Dérives autoritaires
La sémantique utilisée témoigne de ces dérives. La démocratie sociale a quasiment disparu des discours pour céder la place au dialogue social. « Le législateur n'a plus comme objectif de rechercher une plus grande démocratie, mais plutôt d'échanger les points de vue. Ce qui compte, c'est de maintenir le dialogue, de faciliter l'acceptation. Le président concerte, mais ce n'est pas négociable », analyse Baptiste Giraud. Or, comme le dit la secrétaire générale de la CGT, Sophie Binet : « Je ne veux pas discuter avec le gouvernement, je veux négocier. » La crise de la démocratie sociale s'accompagne aussi d'une sévère répression, symptôme d'un État devenu autoritaire. En 2023, la CGT a recensé un millier de militants et de militantes poursuivis devant les tribunaux pour avoir mené des actions de lutte contre la « réforme » des retraites. « Sous la présidence de Nicolas Sarkozy, cette tendance s'est manifestée par le recours aux réquisitions de grévistes, pratique inaugurée dans les raffineries lors du mouvement de 2010 sur les retraites, et par l'adoption d'une législation restreignant le droit de grève. Sous François Hollande, les attentats de 2015 ont facilité ce tournant sécuritaire et répressif en permettant de mobiliser tout un arsenal antiterroriste à l'encontre des mouvements sociaux, comme on l'a vu en 2016 à l'occasion du mouvement contre la loi Travail. Sous la présidence d'Emmanuel Macron, la répression violente de l'action protestataire s'est exacerbée face au mouvement des Gilets jaunes, puis dans la lutte contre la réforme des retraites de 2023, où elle s'est combinée à l'activation, sur le terrain parlementaire, de toutes les procédures mises à disposition par la constitution de la Ve République pour gouverner sans majorité », écrivent Baptiste Giraud et Karel Yon, dans l'ouvrage sur le renouveau du syndicalisme.

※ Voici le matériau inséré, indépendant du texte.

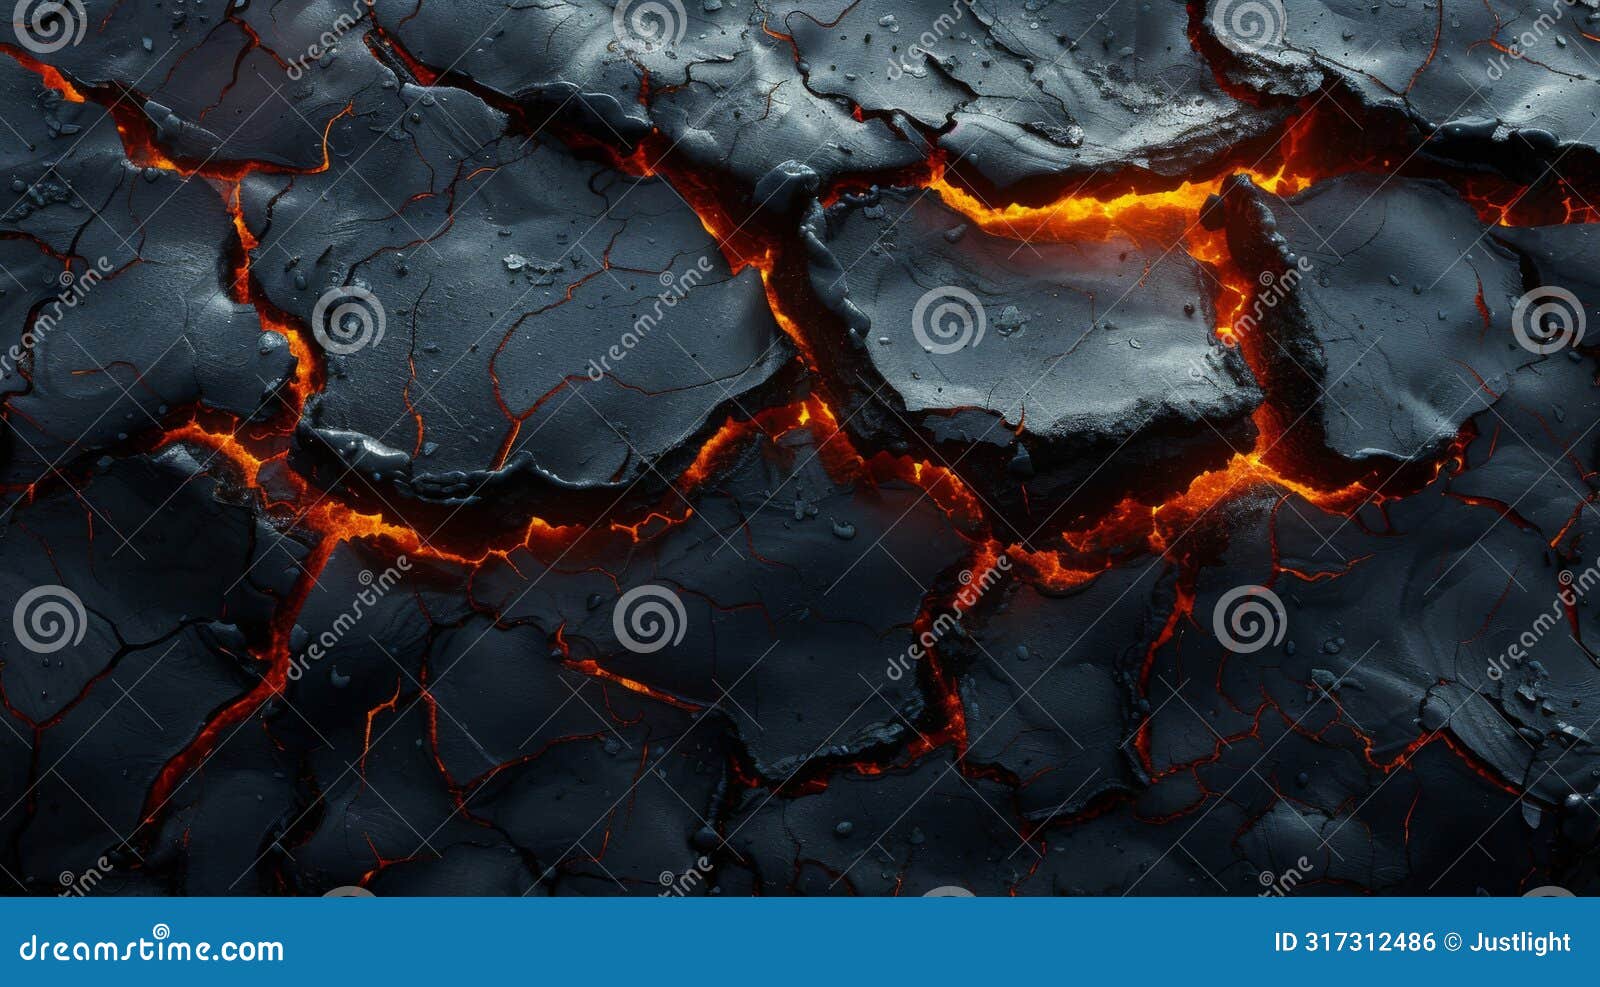 closeup of hardened lava with intricate cracks and crevices showcasing the intense heat it once possessed
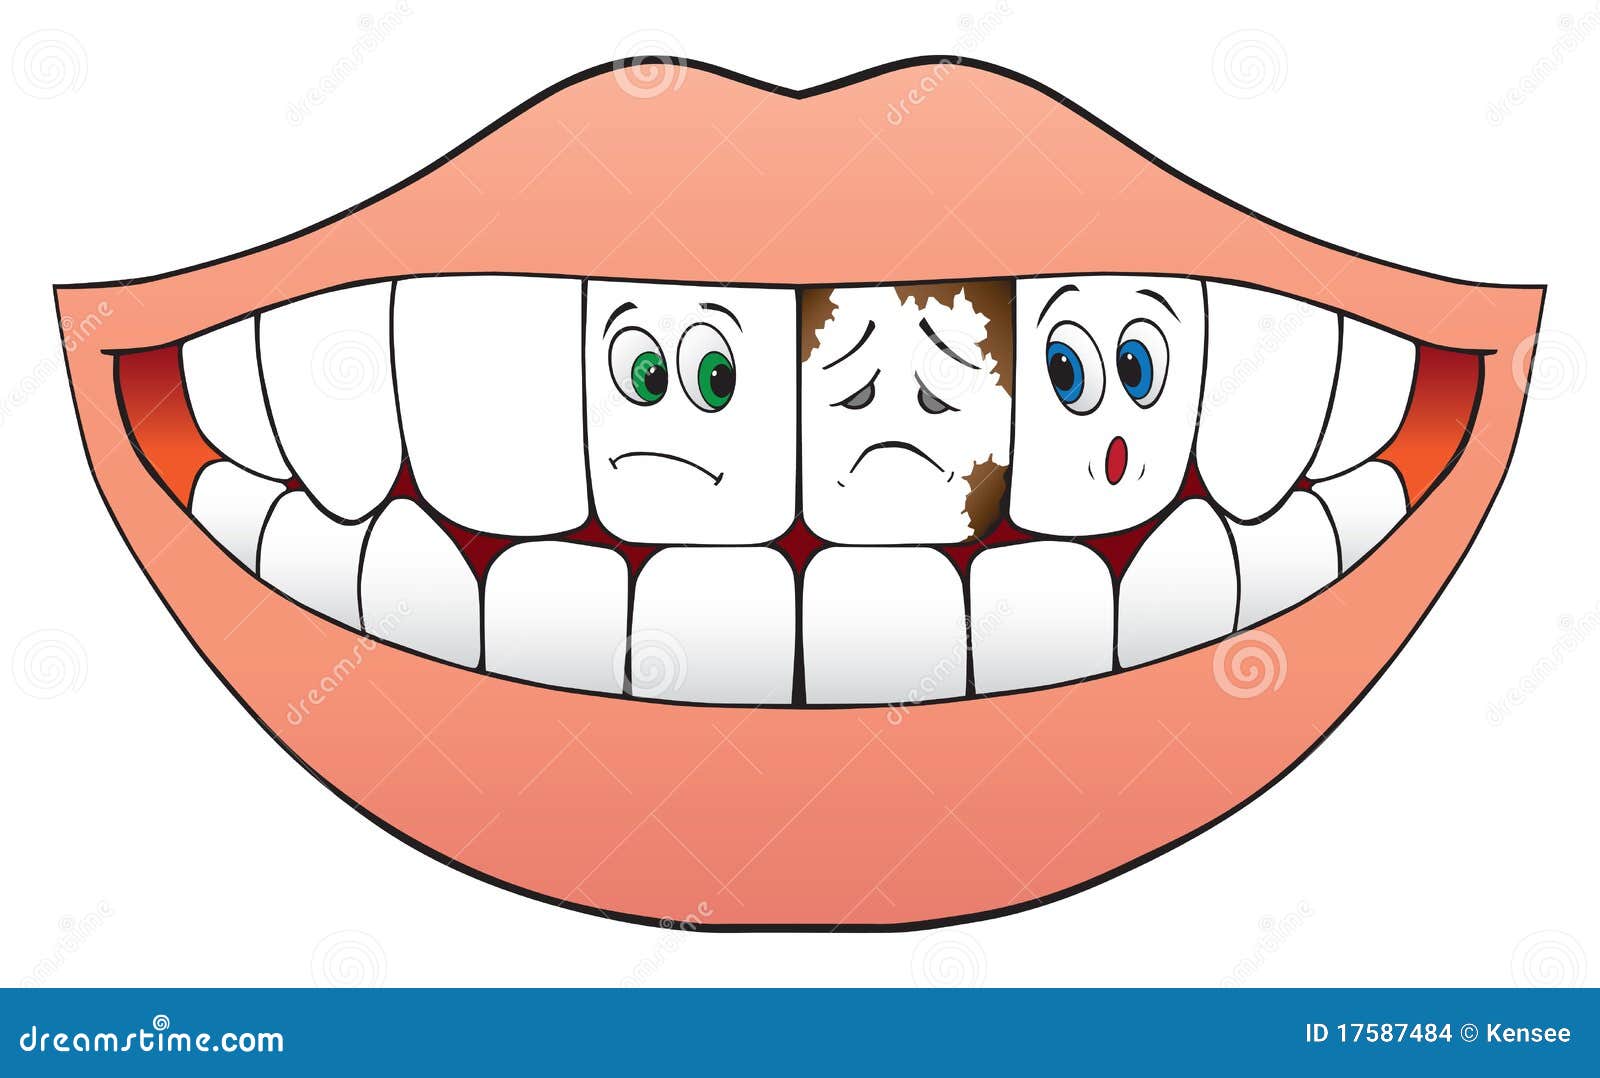 clipart of teeth and lips - photo #35

Repenser les stratégies syndicales
Face à un mur néolibéral, les coauteurs estiment que les syndicats doivent repenser leur rapport à la politique et restaurer la centralité politique du travail. « La démocratie sociale est indissociable de la démocratie politique. Ce qui se joue dans le travail a des conséquences dans la société et inversement. C'est pourquoi le syndicalisme doit se penser comme un acteur politique à part entière. C'est-à-dire ne pas penser son terrain d'action comme un terrain subalterne à celui des partis politiques. Si les syndicats veulent être conséquents dans la lutte contre l'extrême droite, il faut non seulement empêcher que celle-ci ne parvienne au pouvoir, mais aussi dessiner une alternative aux politiques néolibérales qui lui préparent le terrain depuis des années », estime Karel Yon.
« Le syndicalisme doit se penser comme un acteur politique à part entière. C'est à dire ne pas penser son terrain d'action comme un terrain subalterne à celui des partis politiques. »Baptiste Giraud et Karel Yon, dans l'ouvrage collectif Le syndicalisme est politique – Questions stratégiques pour un renouveau syndical
La CGT l'a bien compris qui a appelé à un front populaire au lendemain de la dissolution de l'Assemblée nationale. Consciente des enjeux, la centrale syndicale a fait de sa restructuration un chantier prioritaire. Elle s'est fixé comme objectif de renforcer les liens avec ses syndicats, de fidéliser les quelque 70 000 nouveaux syndiqués qui ont adhéré lors de la dernière mobilisation pour la défense des retraites et les législatives. Des efforts sont déployés pour s'implanter auprès des travailleurs précaires tels que les livreurs à vélo, les saisonniers, les aides à domicile, les accompagnantes des élèves en situation de handicap (AESH)… Les prochaines élections à La Poste, dans l'intérim, mais aussi dans les très petites entreprises (TPE), du 25 novembre au 9 décembre, constituent également un moment clé en termes de représentativité et de rapport de force. Au sein des TPE, cinq millions de salariés sont appelés à élire leurs représentants syndicaux. Lors du dernier scrutin en 2021, la CGT s'était hissée à la première place, mais avec seulement 5 % de taux de participation.